Microsoft urges Macromedia Flash Player users to patch
Microsoft issued an advisory this week urging users of Macromedia Inc.'s Flash Player to download updates to fix a recently-disclosed security hole. "Microsoft is aware of recent security vulnerabilities in Macromedia Flash Player, a third-party software application that also was redistributed with Microsoft Windows XP Service Pack 1, Windows XP Service Pack 2, Windows 98, Windows 98 SE, and Windows Millennium Edition," the software giant said. Attackers could launch malicious code by exploiting a flaw in San Francisco-based Macromedia's Flash Player 7, according to an advisory earlier this week.

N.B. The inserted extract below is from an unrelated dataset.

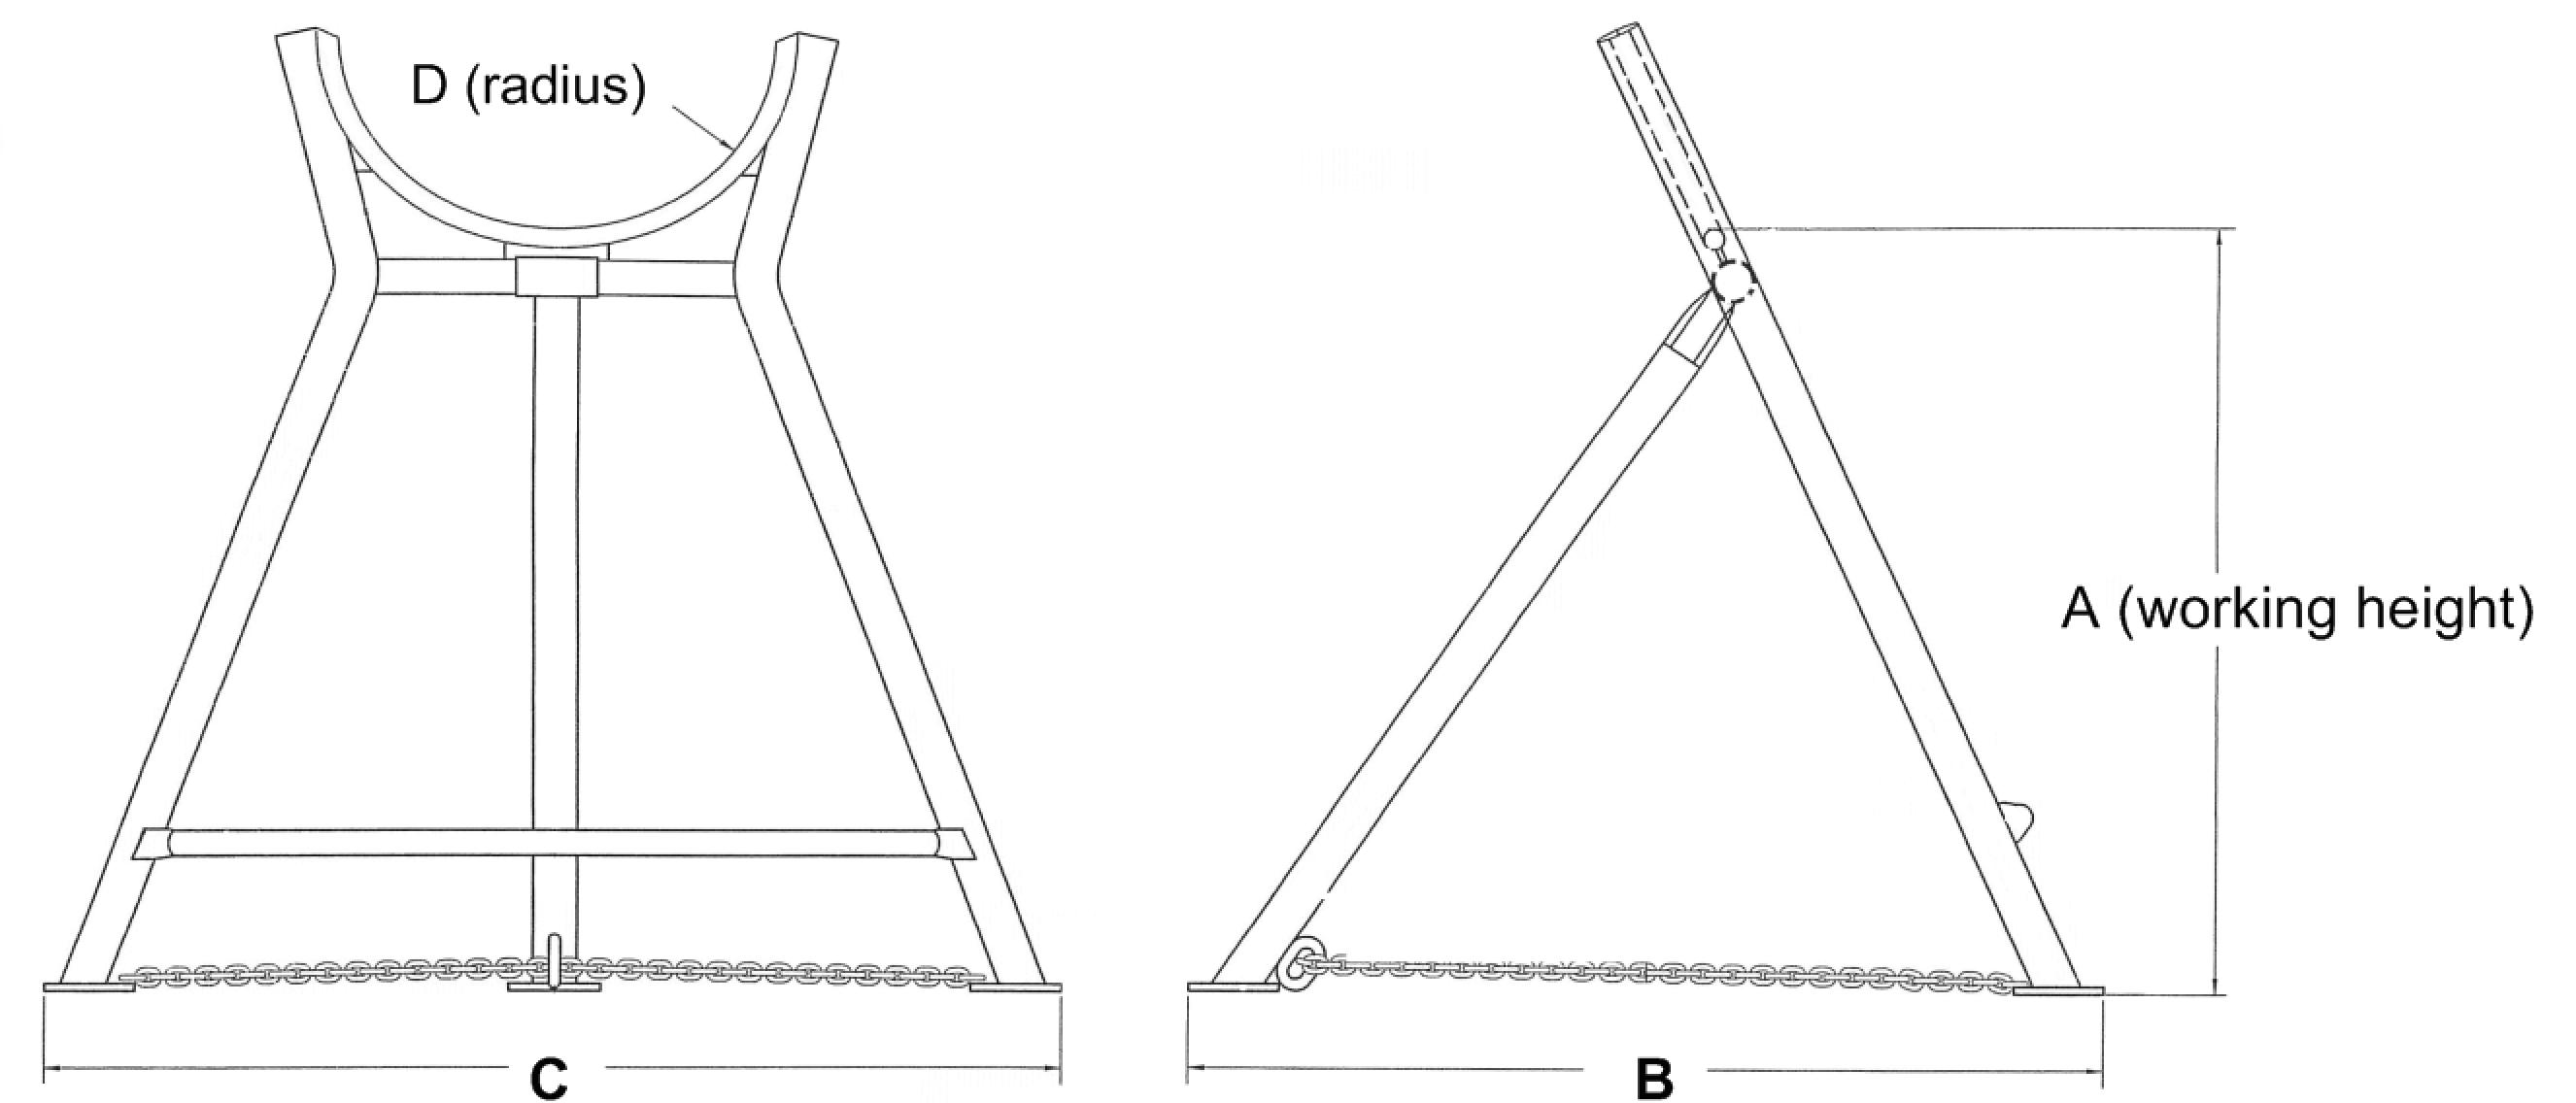 POLE-STAND-CHART

The advisory describes the flaw as a "problem with bounds validation for indexes of certain arrays in Flash Player 7 and earlier, [which leaves open] the possibility that a third party could inject unauthorized code that would have been executed by Flash Player."

Liberty Alliance pushes for stronger authentication
The Liberty Alliance Project, a global consortium working to develop open federated identity and Web services standards, said this week that it is forming a global group dedicated to developing open specifications for stronger interoperable authentication methods. The Strong Authentication Expert Group will "expand [Liberty Alliance's] work beyond federation to build ID-SAFE (Identity Strong Authentication Framework), an open framework to allow strong authentication solutions, such as hardware and software tokens, smart cards, SMS-based systems and biometrics to interoperate across organizations, networks and vertical market segments," the alliance said in a statement.

FEMA data security called into question
U.S. Department of Homeland Security Inspector General Robert Skinner said in a recent report (.pdf) that the Federal Emergency Management Agency (FEMA) lacks the adequate controls to protect sensitive data in its National Emergency Management Information System (NEMIS). Though the agency has made and maintained several significant security controls for NEMIS, Skinner said more must be done. Among his findings: FEMA has yet to implement effective measures to grant, monitor and remove user access. It also hasn't conducted contingency training or testing. Skinner added that security holes were uncovered on NEMIS servers responsible for access rights and password administration. "Due to these database security exposures, there is an increased risk that unauthorized individuals could gain access to critical EP&R [Emergency Preparedness and Response] database resources and compromise the confidentiality, integrity and availability of sensitive NEMIS data," Skinner said in the report. "In addition, EP&R may not be able to recover NEMIS following a disaster." He said the agency should work to ensure better NEMIS user-access control and implement an IT contingency training and testing program. He also said FEMA should hammer out plans to address the vulnerabilities he discovered. FEMA, part of the Department of Homeland Security, has faced criticism for its response to Hurricane Katrina after the Category 4 storm slammed into the Gulf Coast in late August.

Symantec fixes Veritas flaw
Cupertino, Calif.-based Symantec Corp. has issued a security update to fix a buffer overflow vulnerability in Veritas NetBackup 5.x servers and clients. "A shared library used by the Veritas NetBackup volume manager daemon (vmd) running on Veritas NetBackup 5.x servers and clients" could be exploited "to possibly allow a malicious attacker to create a denial of service [or] allow execution of arbitrary code with elevated privileges on a targeted system," Symantec said in its advisory.

TransUnion breach exposes data on 3,600 consumers
Information on 3,600 consumers could be in the hands of identity thieves after a computer was stolen from an office of the TransUnion LLC credit monitoring service, the company admitted this week. According to media reports, the computer was taken from a sales office TransUnion has in California. The PC housed sensitive personal data that included Social Security numbers. Consumers whose information was compromised were notified of the theft and given a year of complimentary credit monitoring by the service, according to CNET News.com.